Against this backdrop, a young Harvard graduate student has published a a paper with a brief history of significance testing, and the role that significance testing has taken on at the United States Food and Drug Administration (FDA). Lee Kennedy-Shaffer, “When the Alpha is the Omega: P-Values, ‘Substantial Evidence’, and the 0.05 Standard at FDA,” 72 Food & Drug L.J. 595 (2017) [cited below as K-S]. The paper presents a short but entertaining history of the evolution of the p-value from its early invocation in 1710, by John Arbuthnott, a Scottish physician and mathematician, who calculated the probability that male births would exceed female births 82 consecutive years if their true proportions were equal. K-S at 603. Kennedy-Shaffer notes the role of the two great French mathematicians, Pierre-Simon Laplace and Siméon-Denis Poisson, who used p-values (or their complements) to evaluate empirical propositions. As Kennedy-Shaffer notes, Poisson observed that the equivalent of what would be a modern p-value about 0.005, was sufficient in his view, back in 1830, to believe that the French Revolution of 1830 had caused the pattern of jury verdicts to be changed. K-S at 604.
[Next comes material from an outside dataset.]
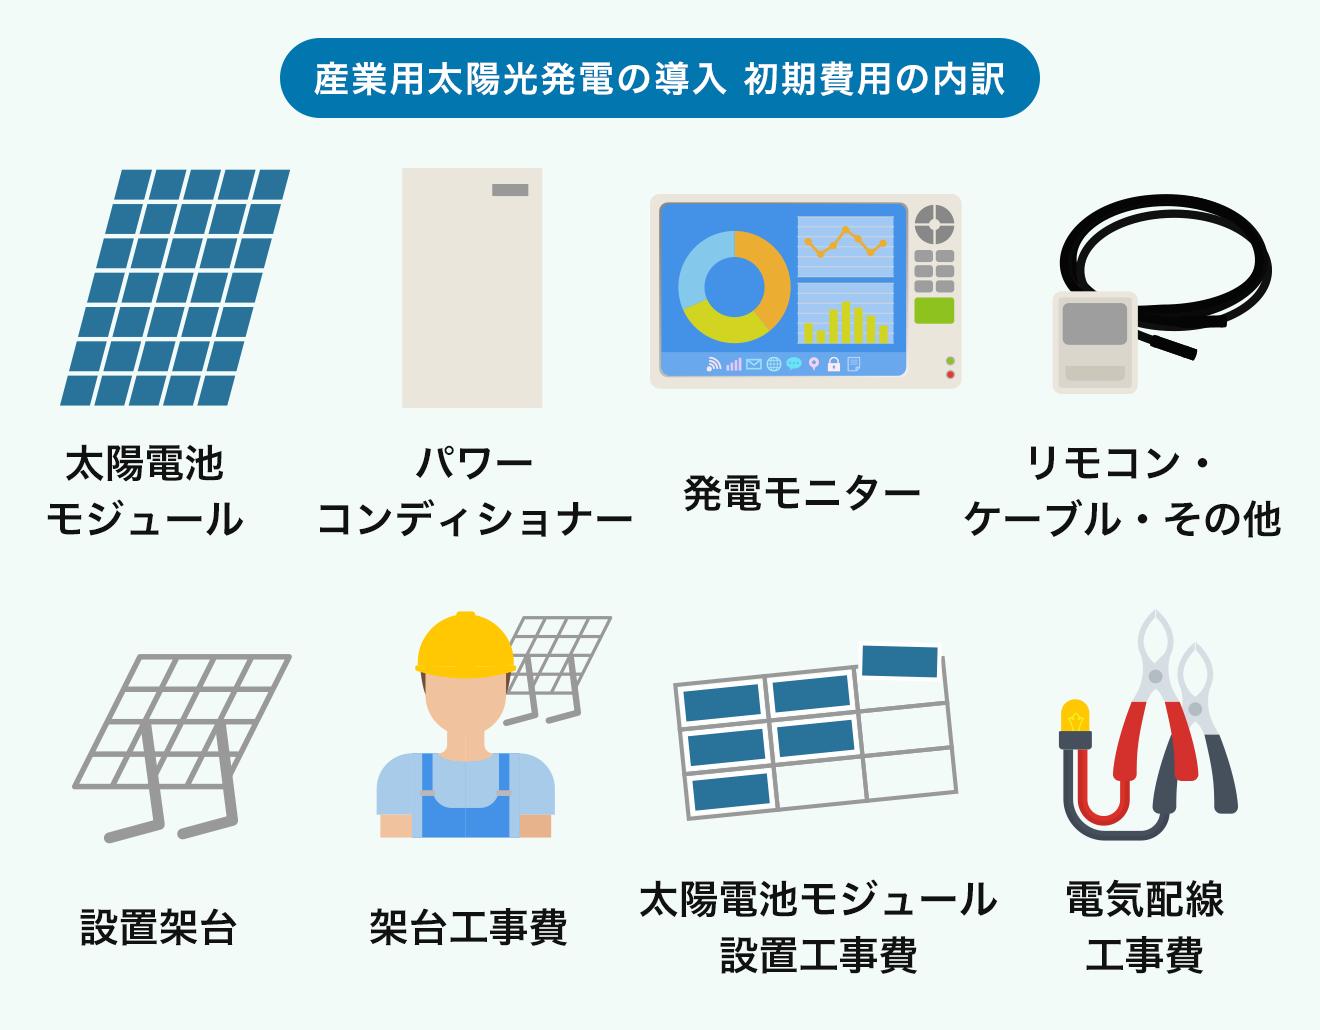 産業用太陽光発電の導入 初期費用の内訳

Kennedy-Shaffer traces the p-value, or its equivalent, through its treatment by the great early 20th century statisticians, Karl Pearson and Ronald A. Fisher, through its modification by Jerzy Neyman and Egon Pearson, into the bowels of the FDA in Rockville, Maryland. It is a history well worth recounting, if for no other reason, to remind us that the p-value or its equivalent has been remarkably durable and reasonably effective in protecting the public against false claims of safety and efficacy. Kennedy-Shaffer provides several good examples in which the FDA’s use of significance testing was outcome dispositive of approval or non-approval of medications and devices.
There is enough substance and history here that everyone will have something to pick at this paper. Let me volunteer the first shot. Kennedy-Shaffer describes the co-evolution of the controlled clinical trial and statistical tests, and points to the landmark study by the Medical Research Council on streptomycin for tuberculosis. Geoffrey Marshall (chairman), “Streptomycin Treatment of Pulmonary Tuberculosis: A Medical Research Council Investigation,” 2 Brit. Med. J. 769, 769–71 (1948). This clinical trial was historically important, not only for its results and for Sir Austin Bradford Hill’s role in its design, but for the care with which it described randomization, double blinding, and multiple study sites. Kennedy-Shaffer suggests that “[w]hile results were presented in detail, few formal statistical tests were incorporated into this analysis.” K-S at 597-98. And yet, a few pages later, he tells us that “both chi-squared tests and t-tests were used to evaluate the responses to the drug and compare the control and treated groups,” and that “[t]he difference in mortality between the two groups is statistically significant.” K-S at 611. Although it is true that the authors did not report their calculated p-values for any test, the difference in mortality between the streptomycin and control groups was very large, and the standards for describing the results of such a clinical trial were in their infancy in 1948.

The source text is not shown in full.